В исследованиях по истории дипломатии событиям Восточного кризиса 1850-х гг. и Крымской войны уделялось значительное внимание, но особенностью такого рода литературы являлось изображение внешней политики России лишь как результата деятельности Министерства иностранных дел[45]. На их фоне значительным шагом вперед выглядят работы профессора В. В. Дегоева[46]. Опора на недавно введенные в научный оборот источники[47] и глубокое знание англо-американской литературы позволили ему существенно дополнить монографию Кёртисса, создав целостное описание процесса неконтролируемого перерастания Восточного кризиса в Крымскую войну. Важным достижением отечественной историографии являлось также внимательное отношение Дегоева к проблеме исторической инерции Священного союза, которая во многом оказалась спасительной для России в обстановке международной изоляции. Желание австрийского правительства ограничить влияние России на Балканах на фоне политических амбиций Берлина и Парижа так и не смогло затмить фундаментальную потребность Габсбургов в сохранении мира с восточным соседом. Однако изучение стратегических проблем и анализ влияния военного планирования на внешнюю политику не входили в задачи автора.

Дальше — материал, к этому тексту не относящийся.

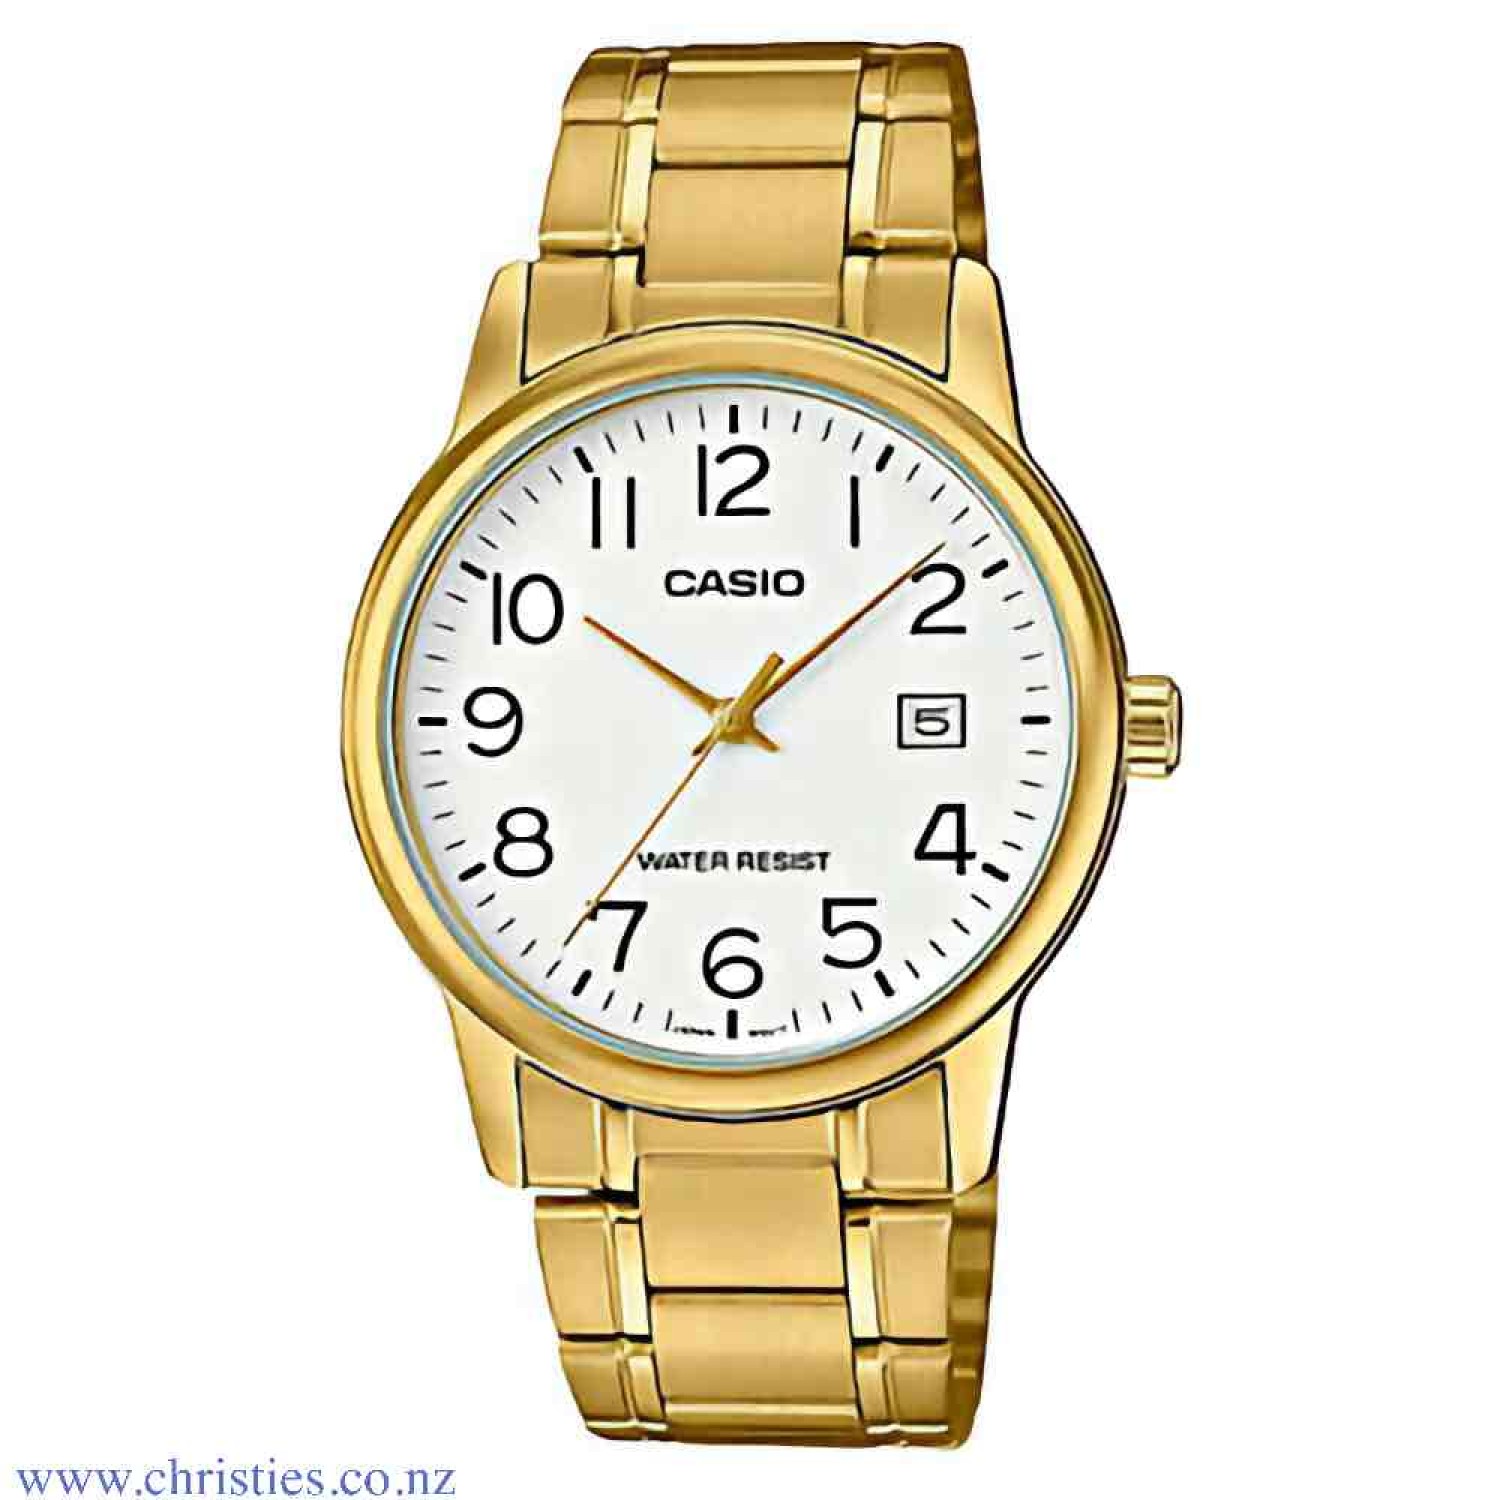 MTPV002G-7B2 Casio Mens Stainless Steel Watch. From Casio an analogue stainless steel with clear easy to read dial and water resistant. Afterpay - Split your purchase into 4 instalments - Pay for your purchase over 4 instalments, due every two weeks. You’

В числе современных работ по истории военного строительства следует упомянуть неопубликованную диссертацию А. В. Кухарука[48]. Объектом исследования в ней выступает Большая Действующая армия – ключевой инструмент военной политики Николая I в 1831–1853 гг. Используя материалы фондов Военно-исторического архива (РГВИА), автор последовательно раскрыл механизм развертывания вооруженных сил в ходе Восточного кризиса 1833 г., опасного обострения противоречий с Францией в 1839 г. и революции 1848–1849 гг., а также рассмотрел участие Действующей армии в Венгерском походе и Крымской войне. Кухарук уделил внимание князю Варшавскому и пришел к ряду интересных выводов. С его точки зрения, специфические условия Крымского театра военных действий и осадной войны под Севастополем не позволяли русским войскам в полной мере проявить свои боевые возможности по ведению маневренной войны в поле, на которую была ориентирована их организация. Он также отмечал, что группировка русских сил, за исключением сравнительно короткого периода весной – летом 1855 г., отвечала целям сдерживания Австрии, то есть именно той задаче, которая имела первостепенную важность в обстановке навязанного России затяжного противостояния на измор. Однако специфика исследовательской работы заключалась в том, что предметом изучения выступала не роль князя Варшавского в стратегическом планировании, а эволюция структур Большой Действующей армии и практика их использования в конфликтах 1830-1850-х гг. Кухарук утверждал, что Россия проиграла Крымскую войну постольку, поскольку она просто не могла ее выиграть. В одиночку сокрушить западноевропейскую коалицию было не под силу даже сильнейшей армии Европы.